The roads sector, which has a substantial multiplier effect on the economy, is poised for revitalisation through a pick-up in project awarding. For the National Highways Authority of India (NHAI) to return to its peak execution rate of 6,000 km per year, a substantial increase in private capital through accelerated asset monetisation will be essential.

Crisil expects the share of monetisation in NHAI’s funding to grow to 18 per cent in FY26 and FY27, up from 14 per cent in FY24 and FY25. The monetisable asset base is currently estimated at ₹3.5–4 trillion. This increase in monetisation is crucial for reducing the financial burden on the government and attracting more private investment.

In residential real estate, demand is stabilising after the rapid post-pandemic recovery. Developer revenue growth is expected to remain steady at 10–12 per cent in FY26–FY27. While volume growth may rationalise, realisations will continue to be supported by demand for premium projects. This trend of premiumisation is expected to drive the market forward, despite potential inventory challenges.

Commercial real estate is also set to see steady net leasing growth of 7–9 per cent in FY26–FY27. With India continuing to remain a cost-efficient destination for GCCs, and with domestic sectors growing steadily, annual net leasing demand is expected to exceed 50 million sq ft by FY27. This growth is driven by the increasing presence of international companies and the expansion of domestic businesses.

As these sectors transition to a new normal, they face evolving challenges. In renewables, timely availability of evacuation infrastructure is critical. Since renewable capacities typically take much less time to set up, temporary transmission bottlenecks could emerge. This could impact the efficiency and reliability of the energy supply.

In the roads sector, monetisation has been uneven, with around 35 per cent of toll-operate-transfer bundles floated in the past not receiving bids. Delays in approvals or mismatches in valuation could further slow sectoral growth. Ensuring a transparent and efficient bidding process is crucial for the success of these projects.

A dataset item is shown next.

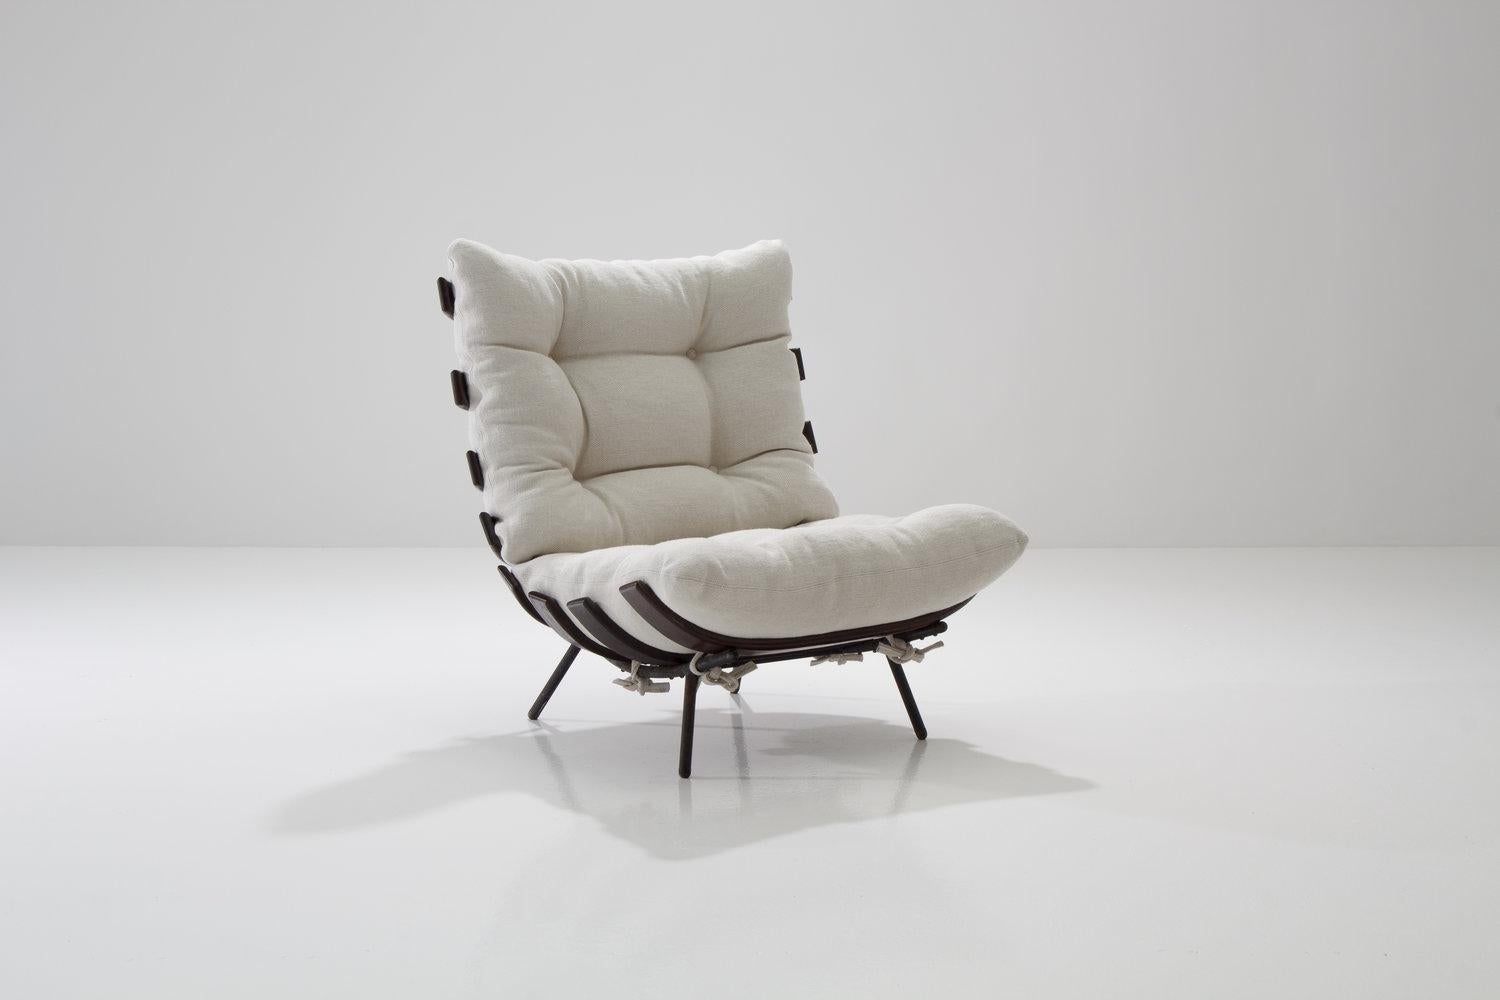 Carlo Hauner and Martin Eisler Costela (‘Rib’) chair for Forma, Brazil 1950s

This characteristic chair by Carlo Hauner and Martin Eisler is one of the icons of Brazilian Mid-Century Modern Design. The name ‘Costela’ which translates as rib, is

In residential real estate, new launches outpacing demand could push up inventory. Inventory levels are expected to rise to 2.9–3.1 years in FY26 from a low of 2.7 years in FY24, which could increase debt levels for some developers. Managing inventory levels and aligning new launches with market demand will be key to maintaining financial stability.

For all three sectors, geopolitical risks and their impact on capital flows into India will bear watching. While such risks may pose challenges, Crisil expects credit risk profiles to remain resilient across renewables, roads, and real estate. This resilience is underpinned by strong investment growth and a focus on sustainable development.

Frequently Asked Questions

What is the projected investment in India’s renewable energy, roads, and real estate sectors over FY26 and FY27?

The projected investment in these sectors is estimated to reach ₹17.5 trillion over FY26 and FY27, up from ₹13.3 trillion in FY24 and FY25.

What are the key drivers of growth in the renewable energy sector?

The key drivers include the accelerated adoption of storage-linked capacities and the shift towards hybrid or storage-backed capacities.

How is the National Highways Authority of India (NHAI) planning to increase private capital through asset monetisation?

NHAI plans to increase private capital through accelerated asset monetisation to return to its peak execution rate of 6,000 km per year.

What is the expected trend in residential real estate demand and developer revenue growth?

Demand is stabilising after the post-pandemic recovery, and developer revenue growth is expected to remain steady at 10–12 per cent in FY26–FY27.

What challenges are these sectors facing as they transition to a new normal?

Challenges include timely availability of evacuation infrastructure in renewables, uneven monetisation in roads, and potential inventory issues in residential real estate.